TASK DESCRIPTION:
Type out the complete listing below word for word, without its pictures.

DATASET EXCERPT:
:::

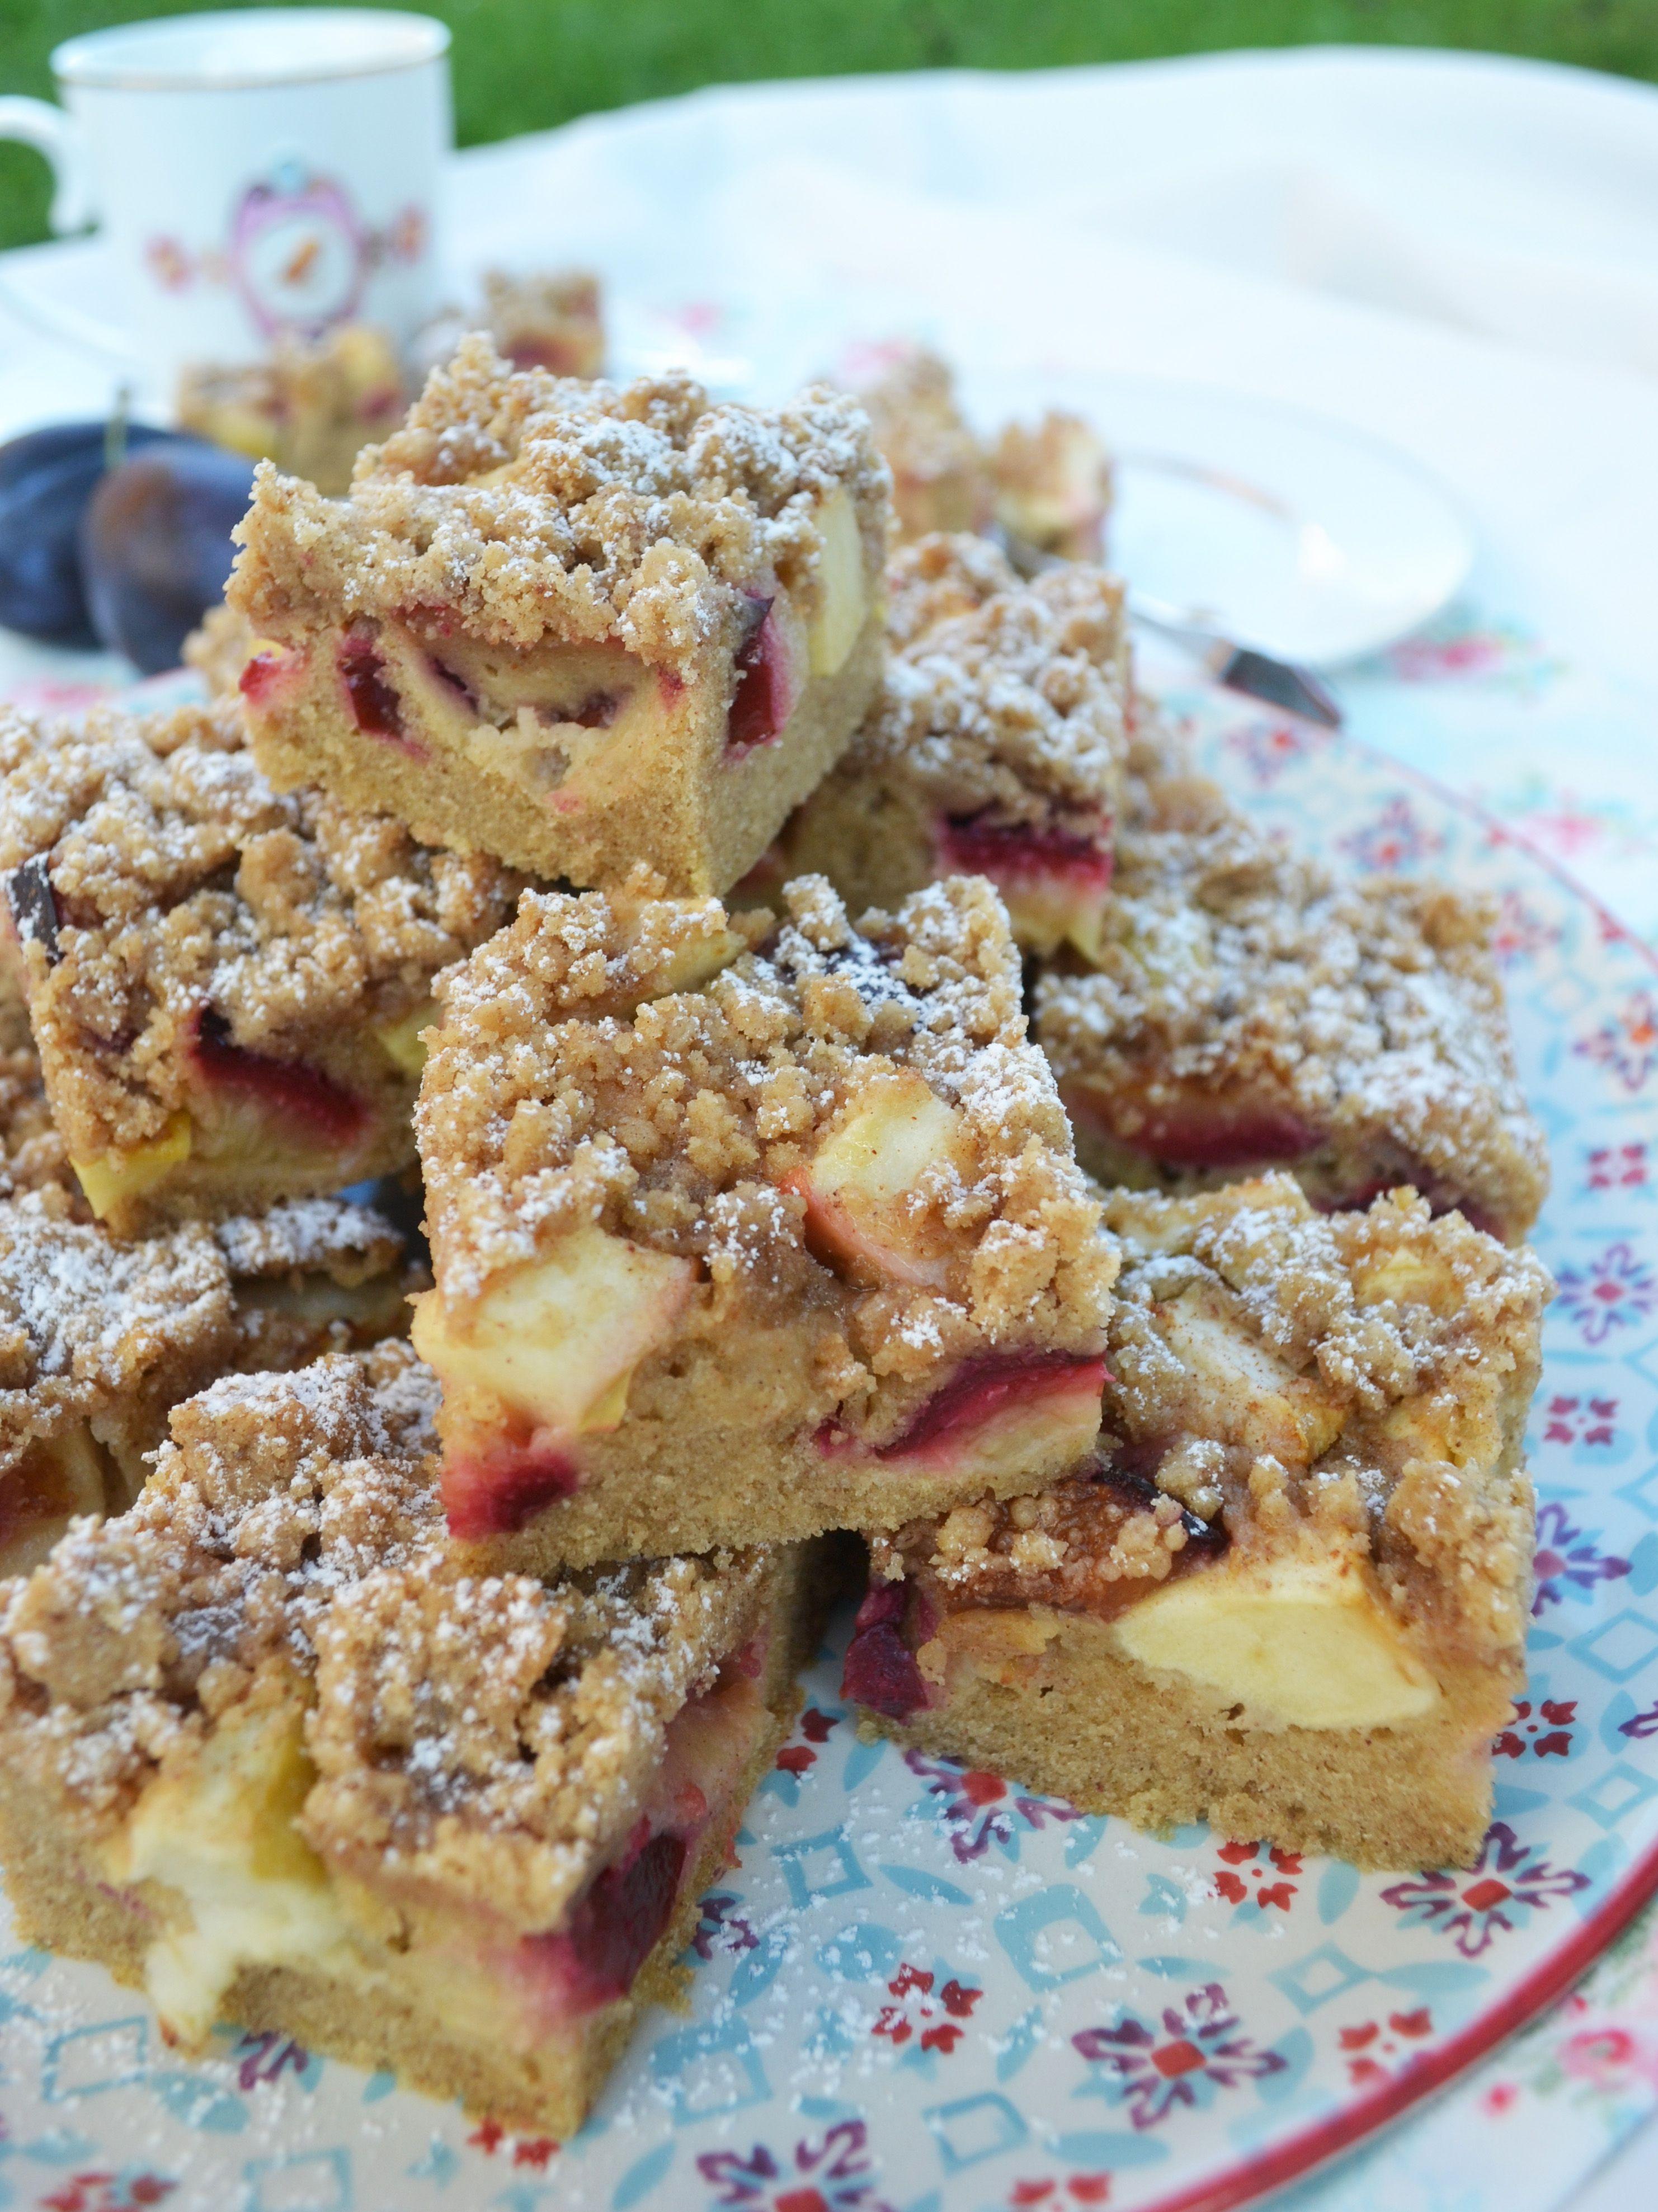 Herbstliches Kuchenglück! Zwetschken-Apfel-Kuchen mit Zimtstreusel #sweetrecipes
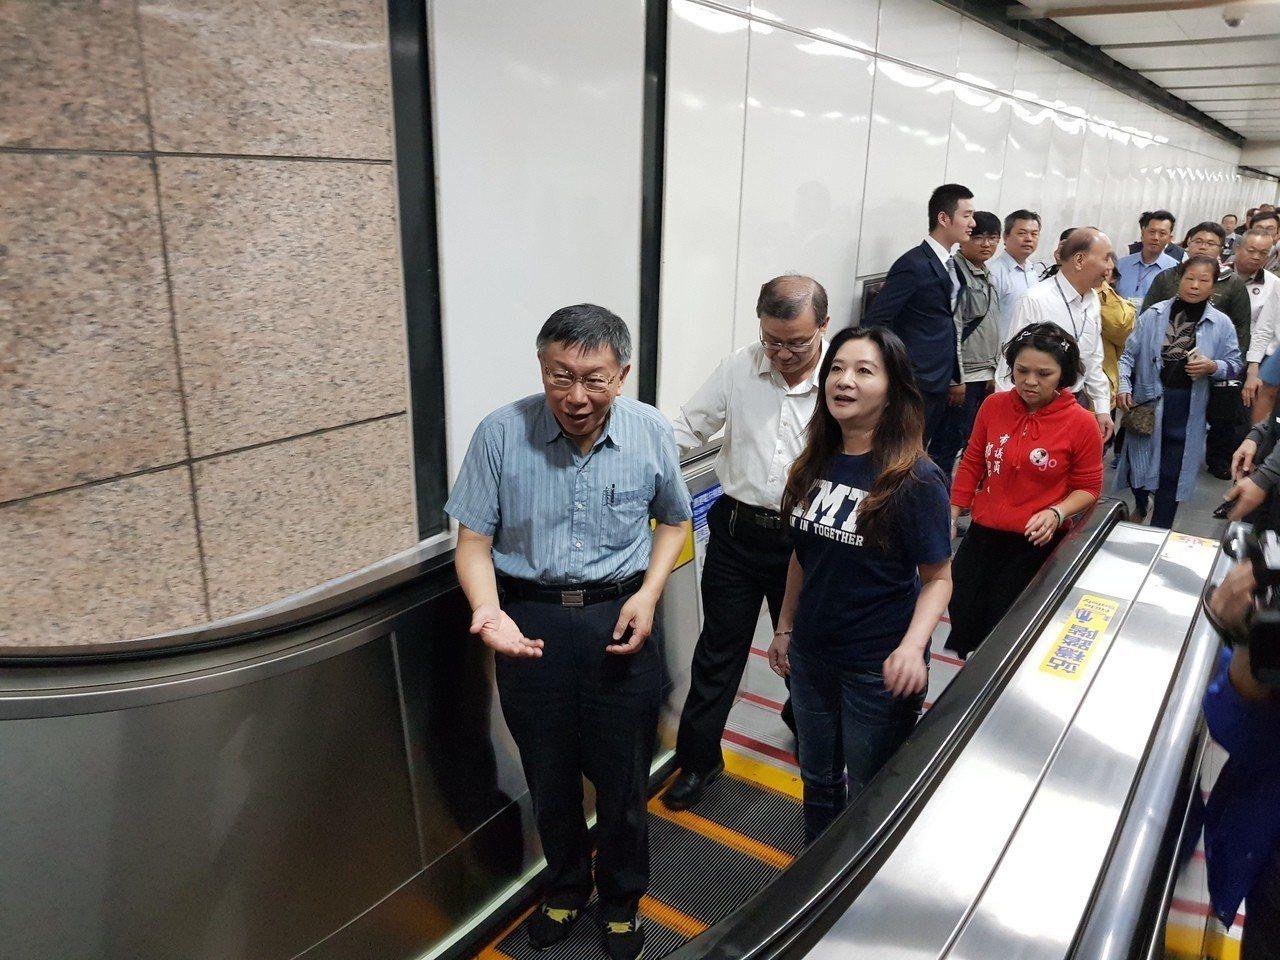 台北捷運古亭站7號出口雙向電扶梯昨完工啟用,台北市長柯文哲(前左)也同議員、里長...
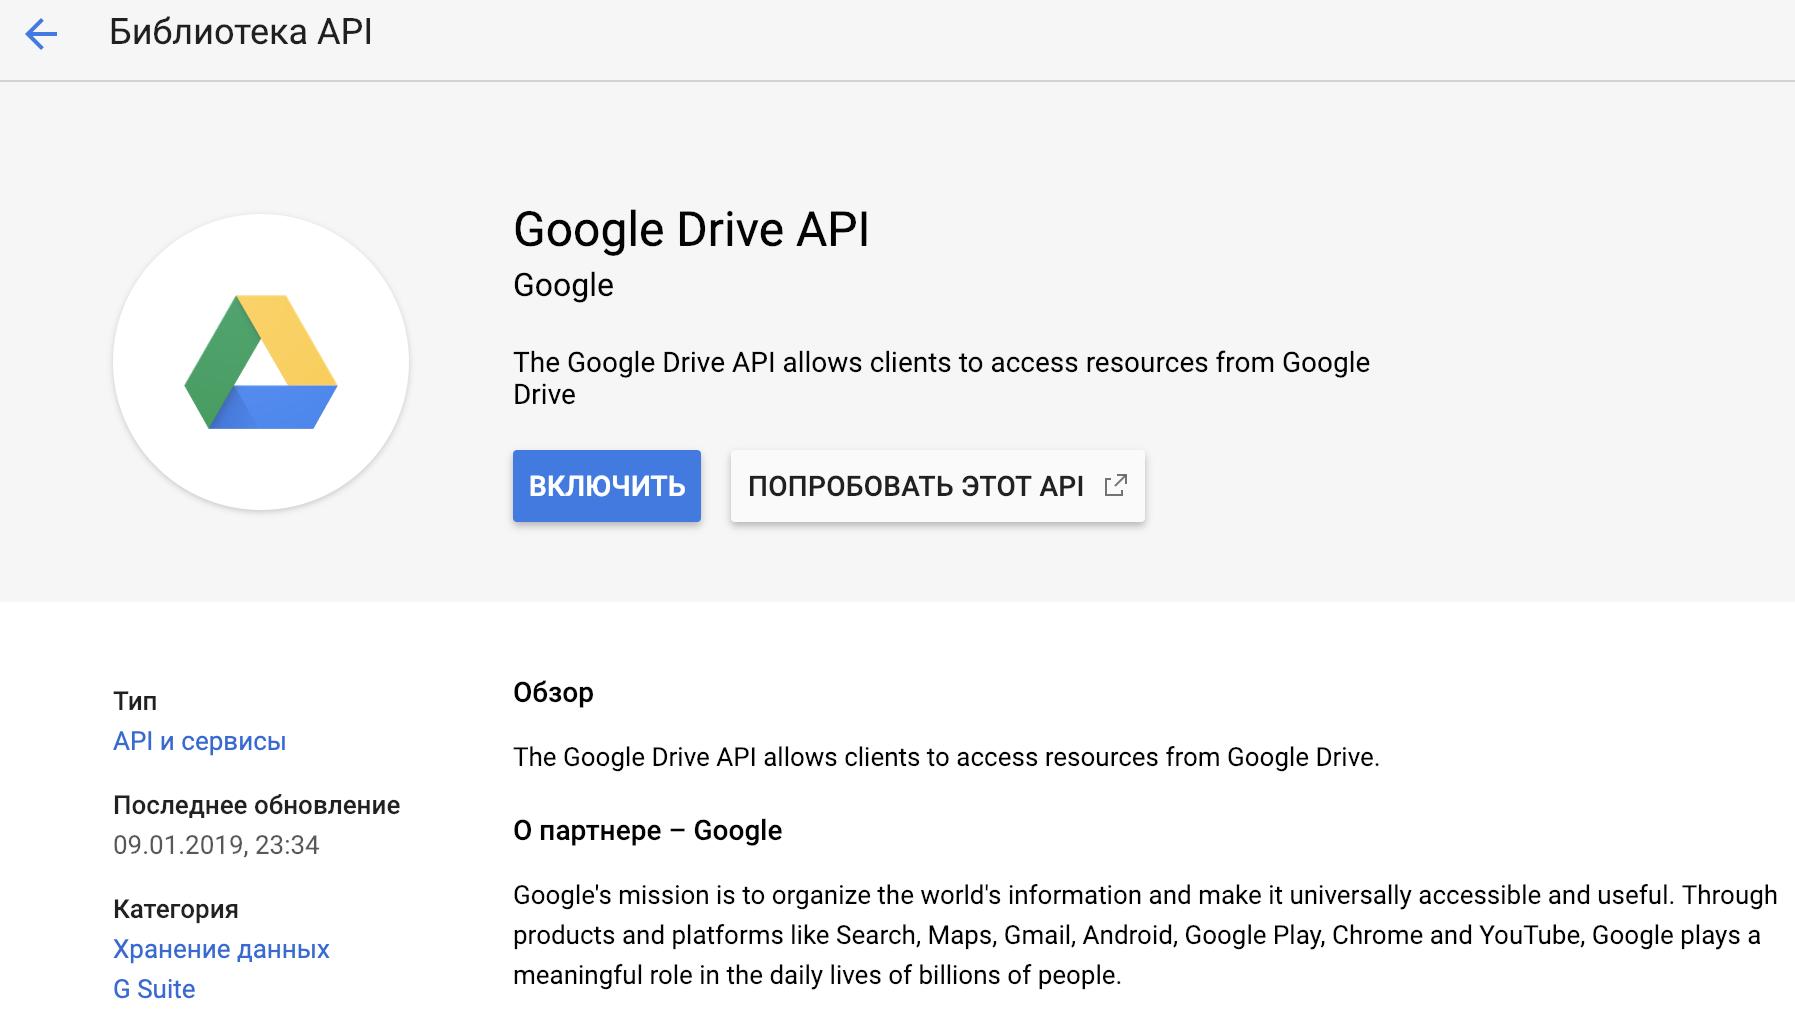 Универсальное расширение 1С для Google Таблиц и Документов — берите и пользуйтесь - 4

:::

FINISHED EXERCISE:
 Herbstliches Kuchenglück! Zwetschken-Apfel-Kuchen mit Zimtstreusel #sweetrecipes
 台北捷運古亭站7號出口雙向電扶梯昨完工啟用,台北市長柯文哲(前左)也同議員、里長...
 Универсальное расширение 1С для Google Таблиц и Документов — берите и пользуйтесь - 4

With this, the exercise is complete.